> _PROMPT_
Repeat the listing exactly. Any picture in it should be left out of the copy.

> _INFORMATION SUPPLIED_
==*==
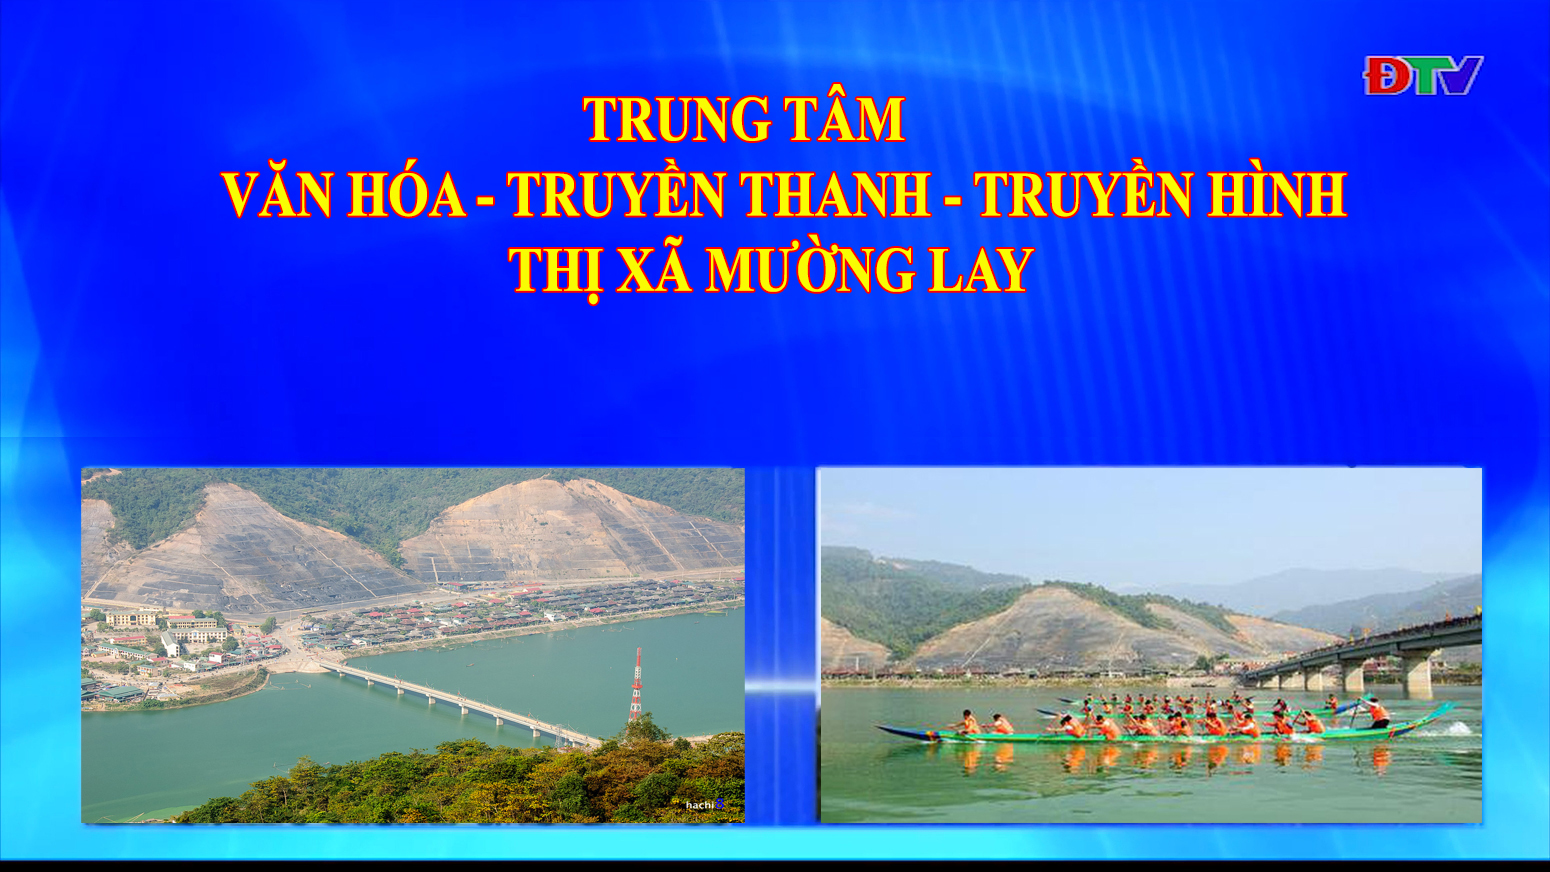 Trung tâm VH-TTTH thị xã Mường Lay (Ngày 30-10-2020)
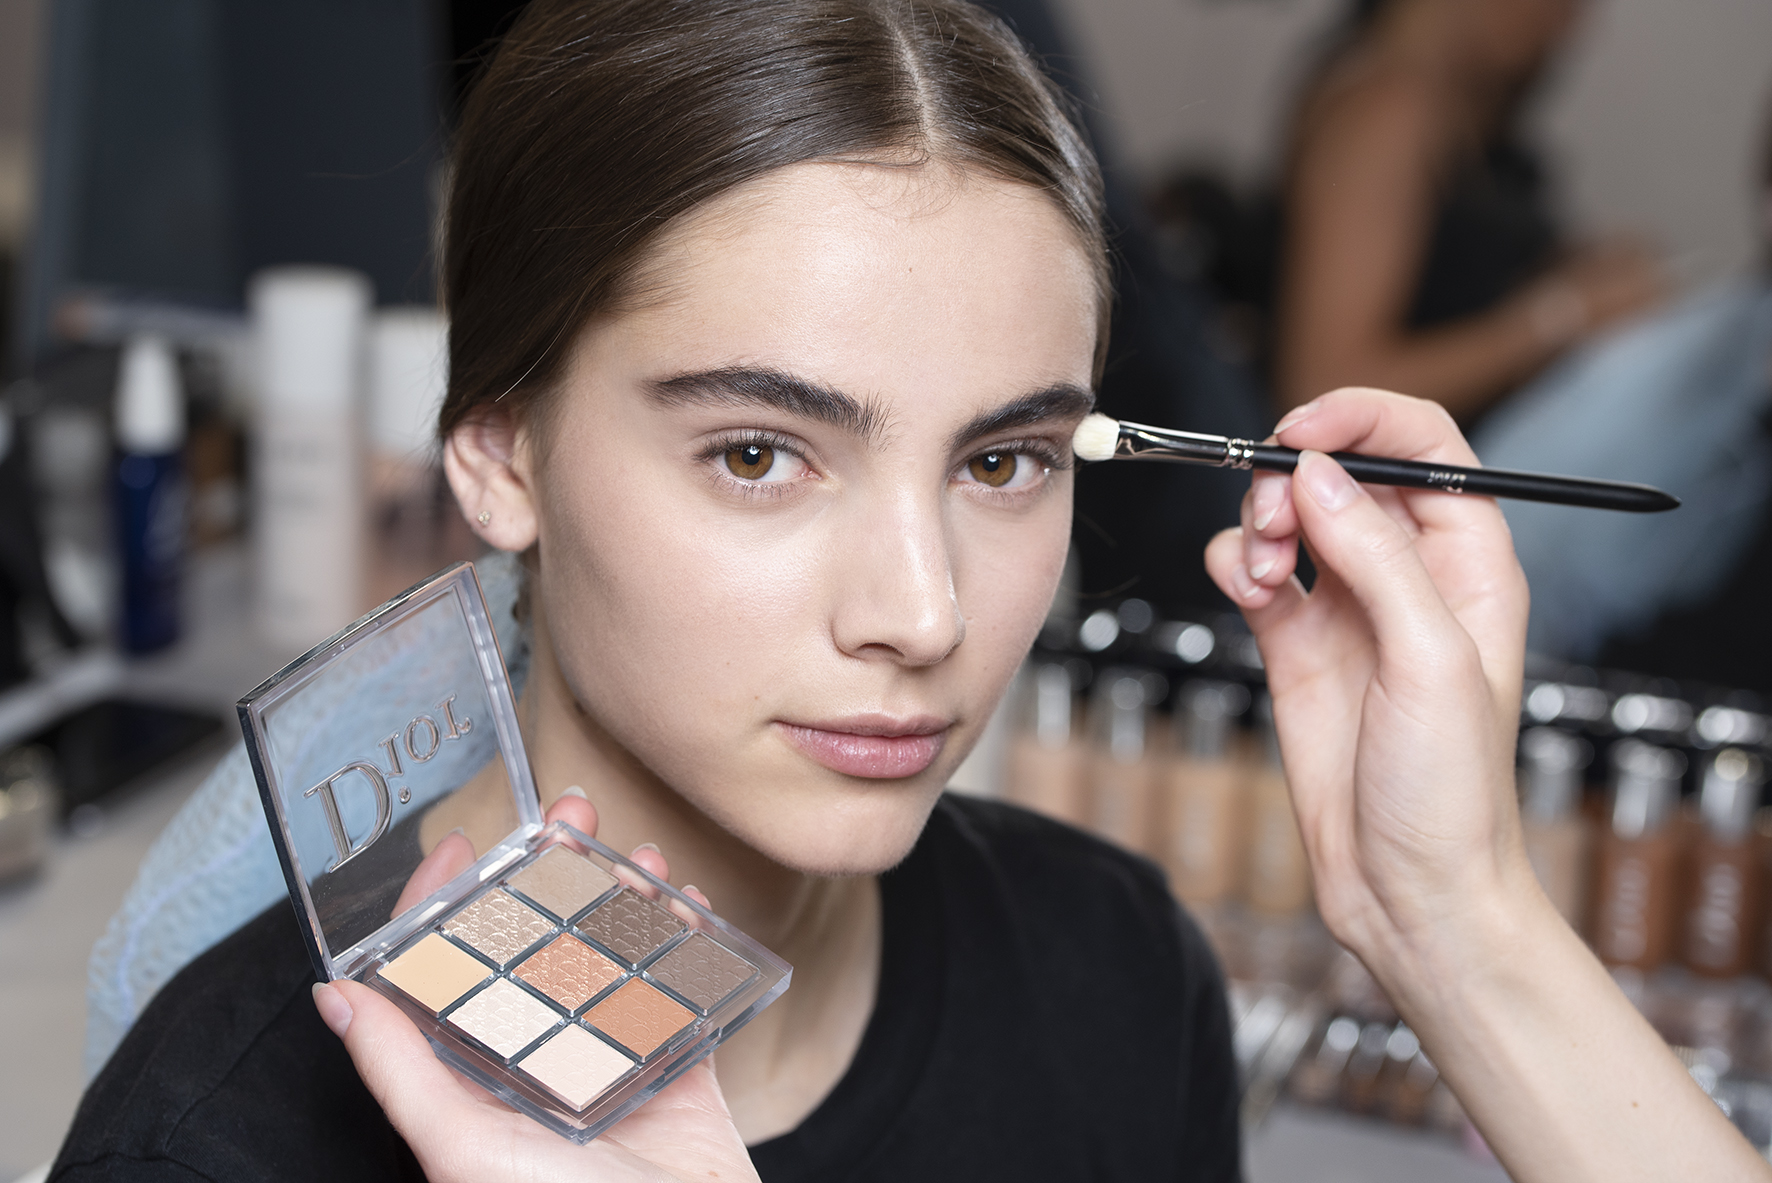 dior 2019 makeup
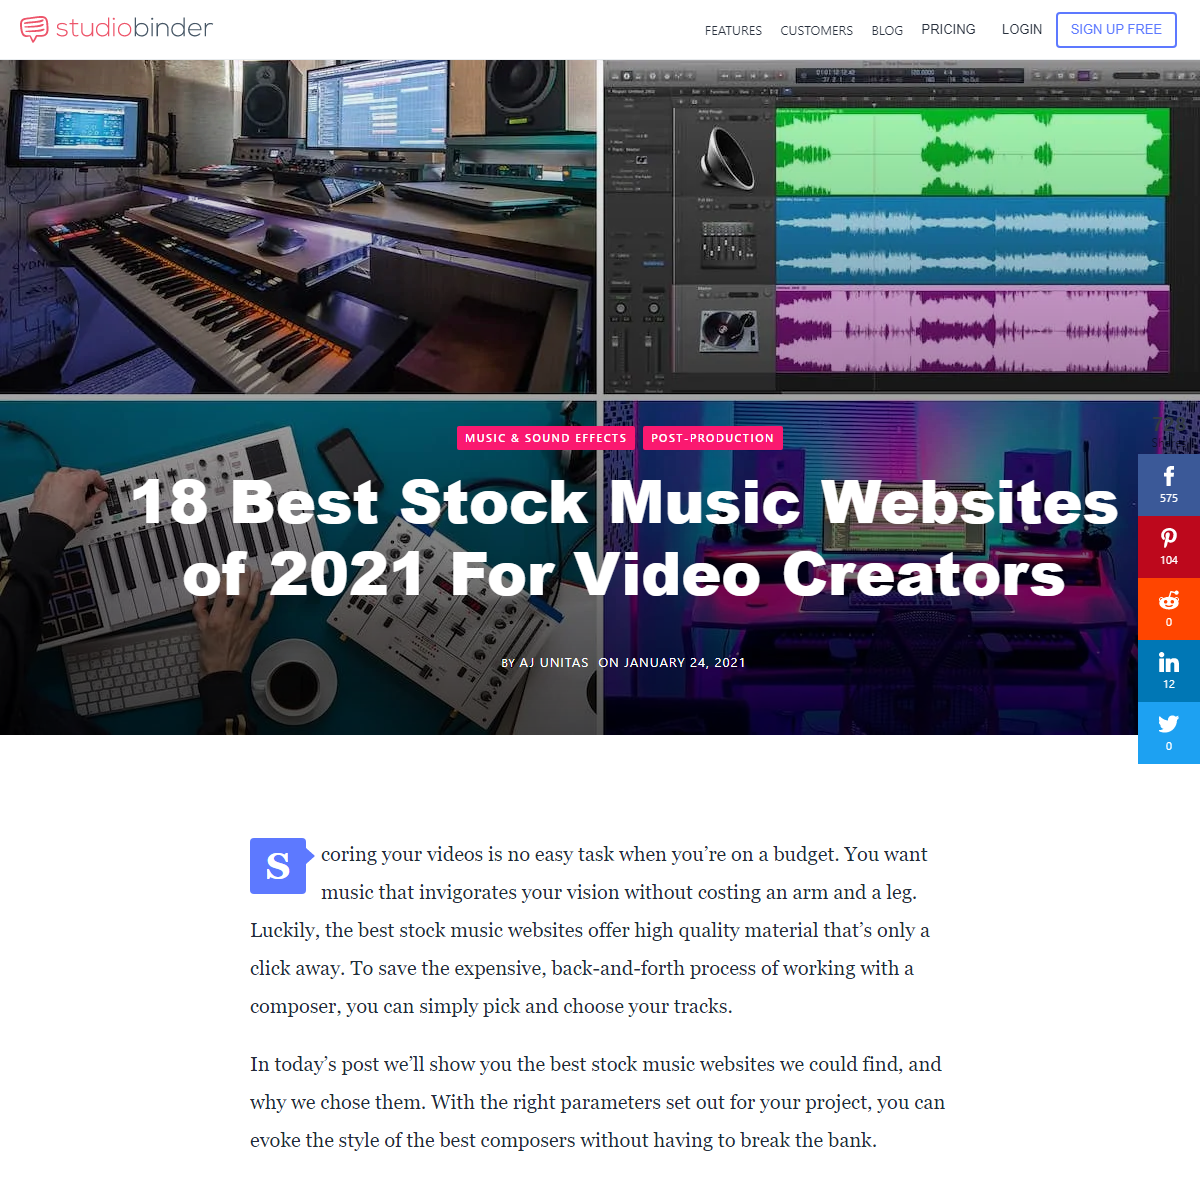 A complete backup of https://www.studiobinder.com/blog/best-stock-music-websites/
==*==
> _YOUR SOLUTION_
 Trung tâm VH-TTTH thị xã Mường Lay (Ngày 30-10-2020)
 dior 2019 makeup
 A complete backup of https://www.studiobinder.com/blog/best-stock-music-websites/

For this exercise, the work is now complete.